2.4. Characterization and Procedures

Attenuated Total Reflectance/FT-Infrared Spectroscopy (ATR-FTIR) spectra were obtained using a PerkinElmer BX-FTIR Spectrometer coupled with a MIRacle^TMATR accessory from PIKE Technologies. UV spectra were obtained by using a PerkinElmer Lambda 35 Spectrometer. The absorbance at the peak’s maximum of the absorption band was used to determine the aryl hydrazone-naphthalimide content anchored to acrylic membranes. An assessment was made in quintuplicate for each material. Fluorescence spectra were obtained with a PerkinElmer LS 55, and corrected using the response curve of the photomultiplier. Coumarin 6 (ϕ_F = 0.78 in ethanol) was used to determine the fluorescence quantum yields (ϕ_F) [33]. ¹H-NMR and ¹³C-NMR spectra were recorded on a Varian-Mercury 400 MHz using DMSO-d₆ as a solvent. Mass Spectra (MS) were recorded on a HP 5973-MSD spectrometer.

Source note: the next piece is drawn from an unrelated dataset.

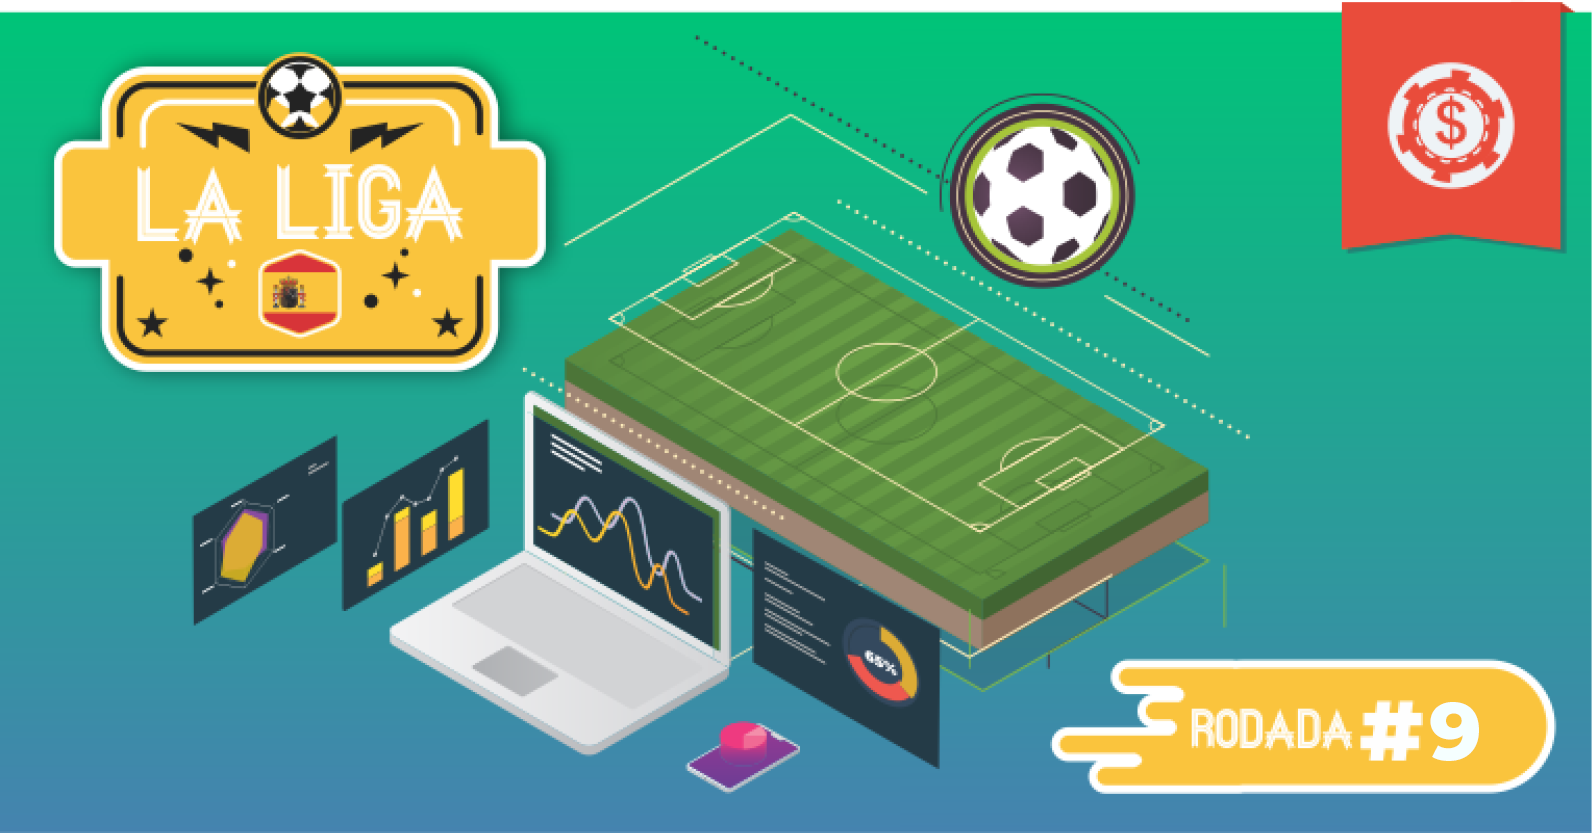 Prognósticos La Liga - Campeonato Espanhol • Apostas para a 9ª rodada 7374a4787044a

Differential Scanning Calorimetry (DSC) was undertaken in a METTLER DSC-823e instrument, which was previously calibrated with an indium standard (Tm = 429 K, ΔHm = 25.75 Jg⁻¹). A total of 10 mg of membranes was sealed onto the DSC pans and were heated or cooled under nitrogen, between 30–180 °C, at a rate of 10 °C min⁻¹. The glass transition temperature of the membranes (Tg) was determined in a second scan, and after erasing the previous thermal history of the material in a first scan.

For the Thermogravimetric analysis (TGA), a TGA Q-500 TA Instrument coupled to a Pfeiffer Vacuum ThermoStar^TM mass spectrometer was used. The heating rate for the dynamic analysis was 10 °C·min⁻¹, and the nitrogen flow was maintained at a constant of 60 mL·min⁻¹. The weight loss was measured as a function of temperature, and the evolved gas masses were directly monitored.

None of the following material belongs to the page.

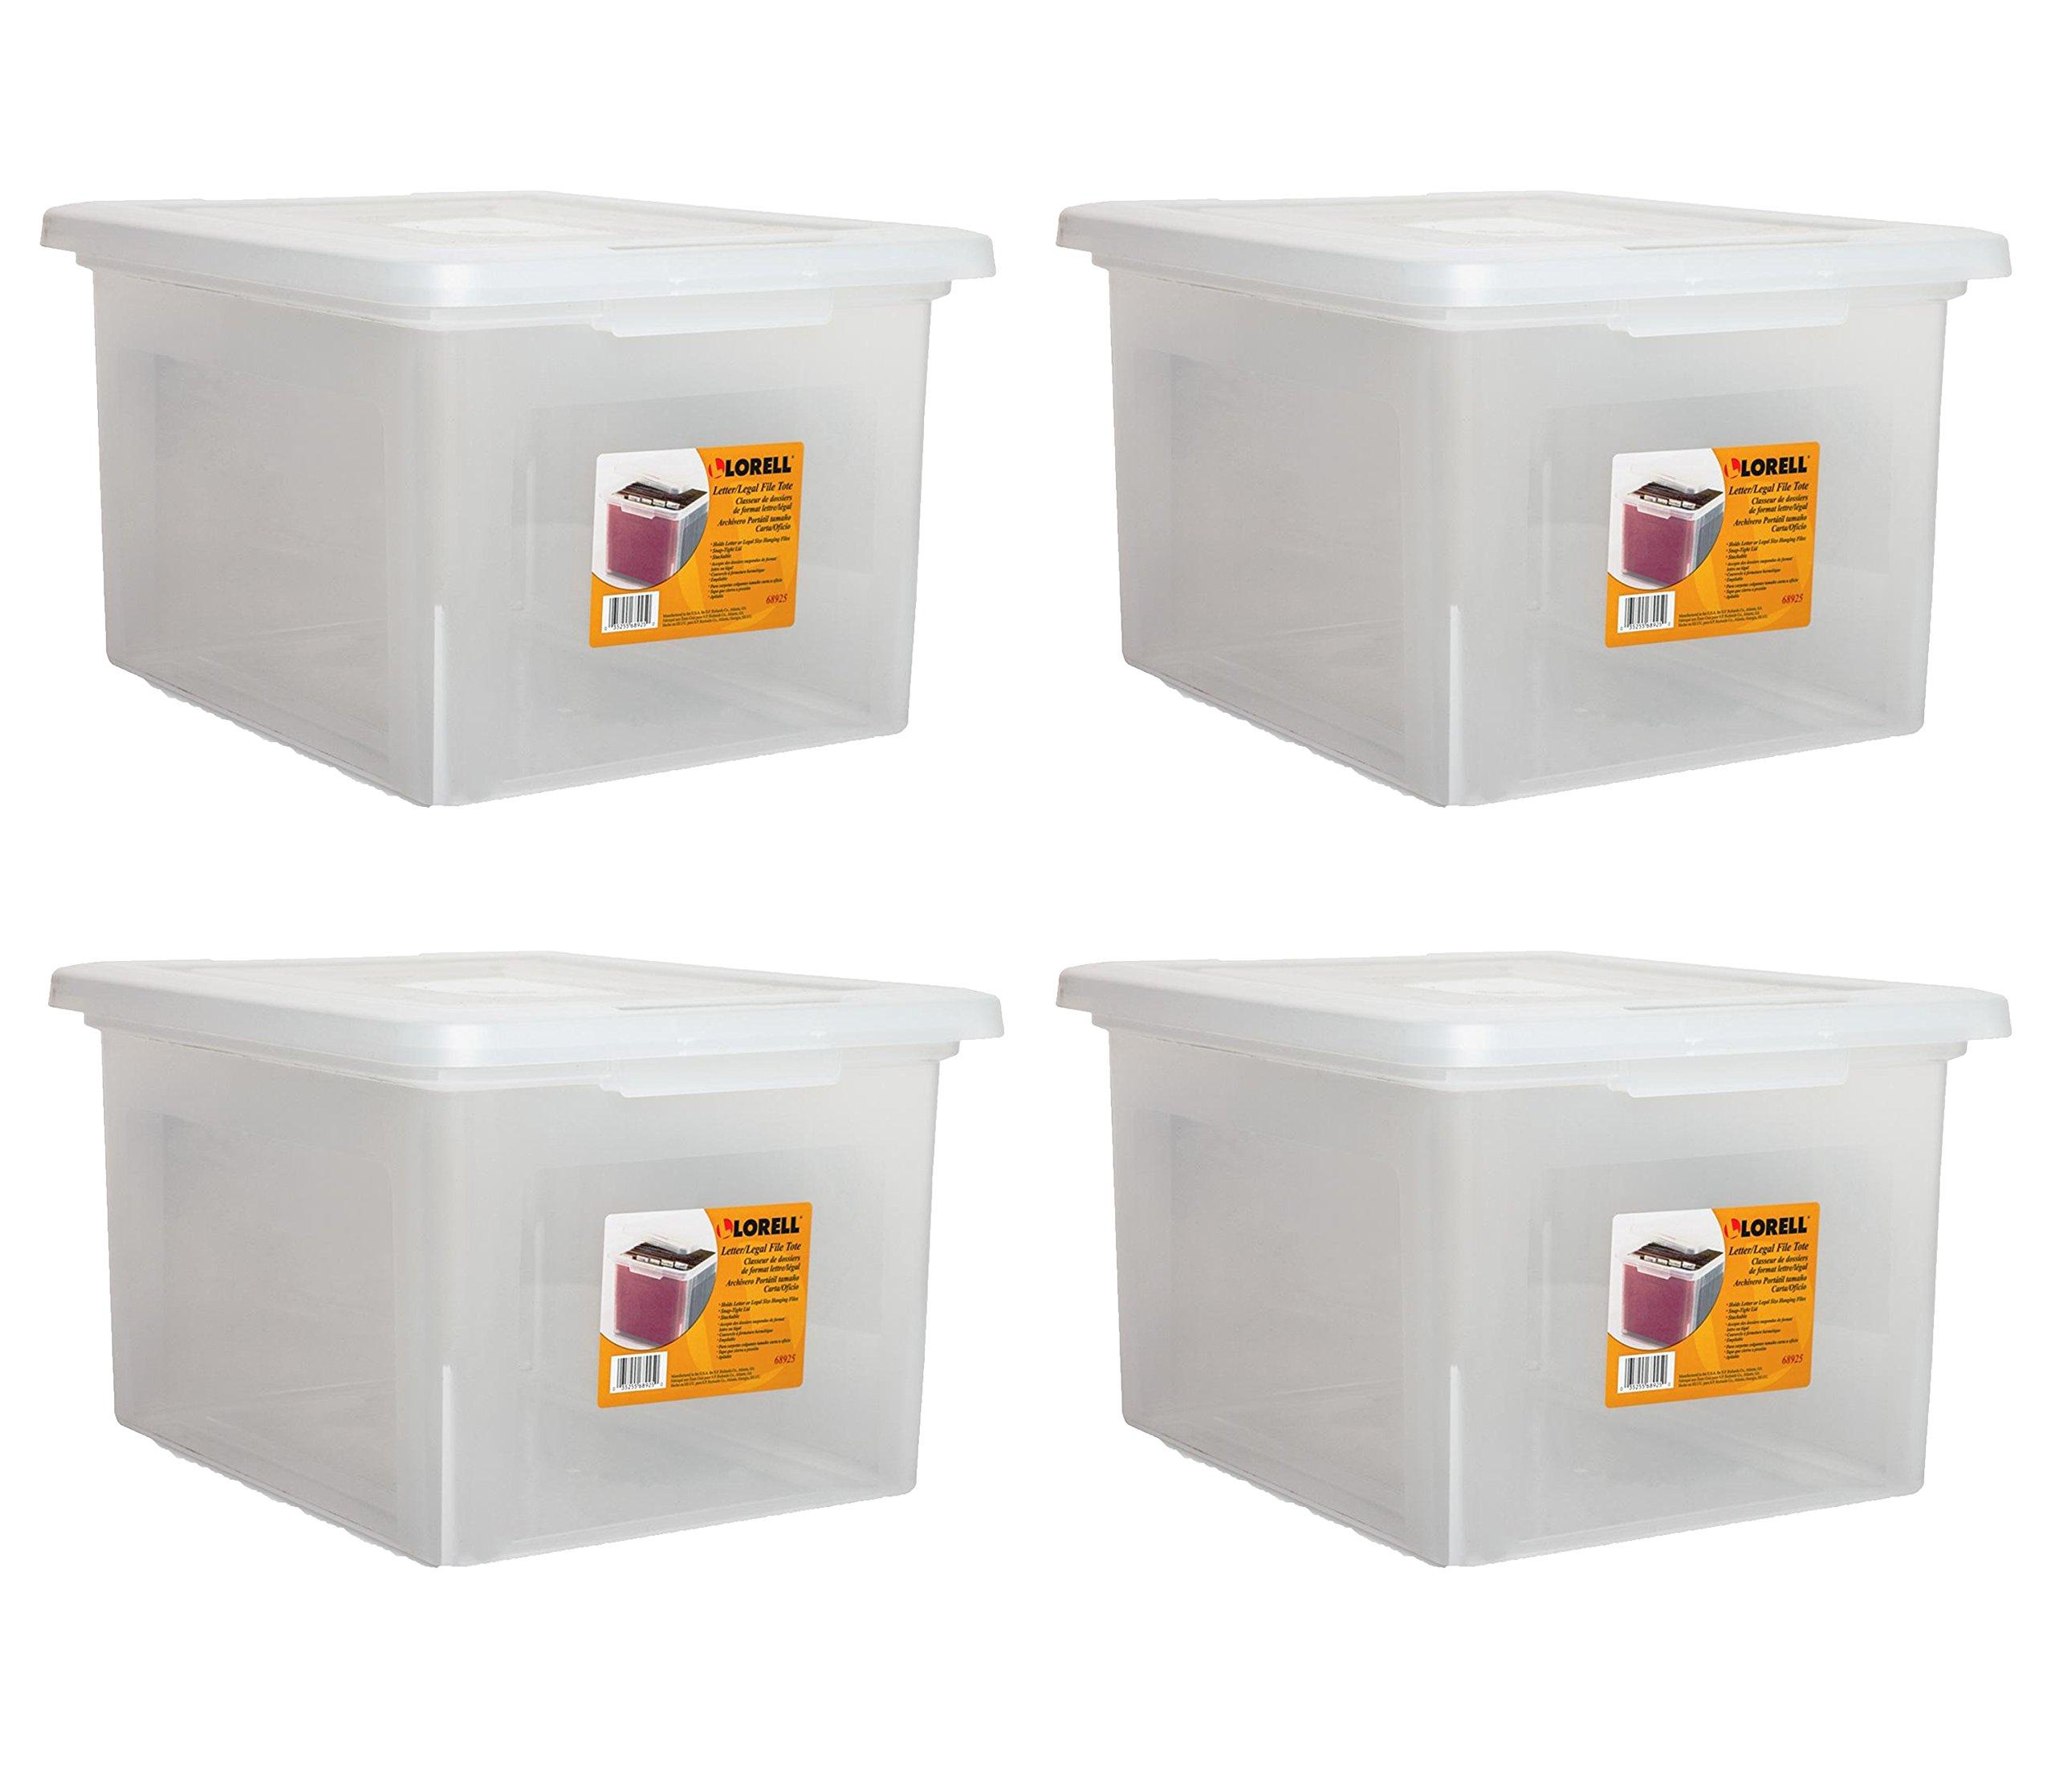 Lorell LLR68925 Letter/Legal Plastic File Box (4-Pack Savings)

Elemental analysis (EA) was undertaken in a Carlo Erba EA1108 elemental analyzer (% of C, H, N).

The swelling degree (SD) in the water of the membranes was determined by immersing dried and weighed sample films (W_d) into deionized water at 30 °C. After 24 h, the superficial solvent was removed, and the samples were immediately weighed (W_s). The swelling degree was calculated as follows: SD (%) = ((W_s − W_d)/W_d) × 100, where W_s and W_d are the weight of the swollen and dry samples, respectively.

All reactions were performed in a Anton Paar Monowave^TM 300 microwave synthesis reactor provided with an infrared sensor (IR pyrometer). The reactions were carried out in pressure-resistant 30 mL test tubes sealed with a silicon septum and a magnetic stirring bar was used.

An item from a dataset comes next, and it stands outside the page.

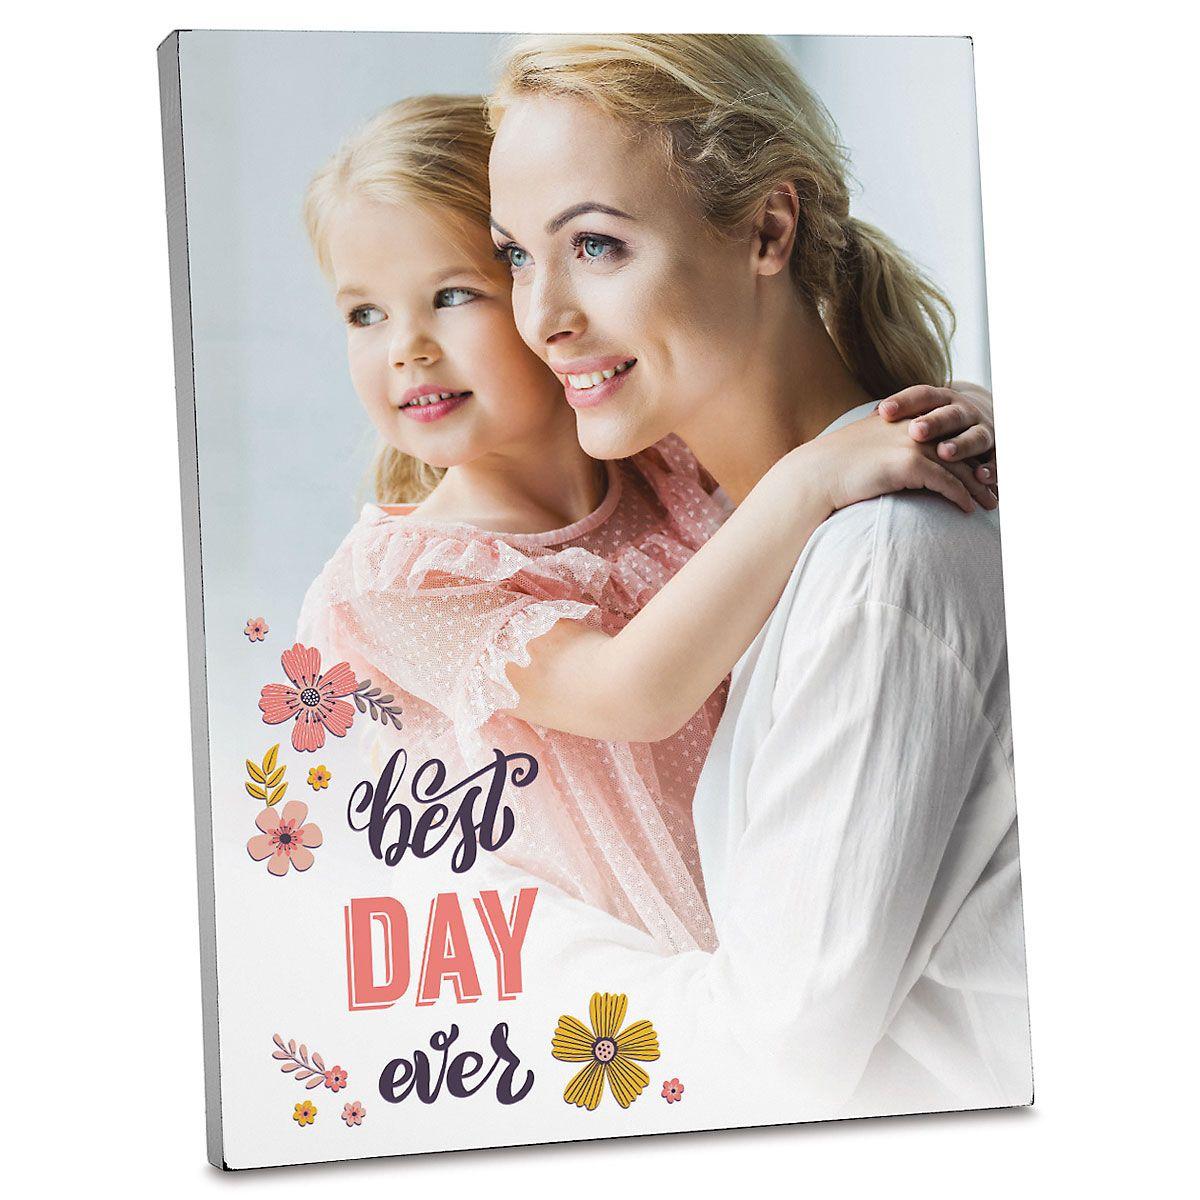 Floral Personalized Photo Plaque

Photopolymerization reactions were undertaken in a Bio-link™ BLX-365 type Bio-link apparatus (Vilbert Lourmat™).

Measurements of pH were undertaken with a Mettler Toledo SevenGo Duo Pro meter with an InLab Expert Pro ISM-ID67 electrode at room temperature. The equipment was previously calibrated with standard buffers. In the measurements from the solutions of the naphthalimide derivatives and membranes, HCl and NaOH solutions in the mixture of water:ethanol (4:1) as a solvent were used. The acid titration by UV/Vis and fluorescence in an aqueous solution was carried out with sodium hydroxide as the basic source and hydrochloric acid as the acid source. The acidity from pH 13 to pH 3 was increased by adding aliquots of the diluted hydrochloric acid. After each addition, the solutions were allowed to equilibrate for 10 min. Then, the pH was measured and the UV/Vis and fluorescence spectra were recorded.

In the case of functionalized membranes, strips of 1 × 4 cm were cut and dipped into 100 mL of water using a homemade support that also slotted into the cell holder of the spectrophotometers. Vials containing 50 mL of aqueous solutions ranging from pH 13 to pH 7 were prepared to study the effect of increasing the medium’s acidity. The film strips were immersed in these vials, starting from the vial with the lowest pH value, and the UV/Vis and fluorescence spectra for each pH were taken after 35 min of conditioning time. The fluorescence detection of amine vapors was performed by adding 100 μL of a 0.3 M water solution of trimethylamine over a cotton piece placed at the bottom of a spectrophotometric cuvette, where the sensory membranes were disposed of to avoid direct contact.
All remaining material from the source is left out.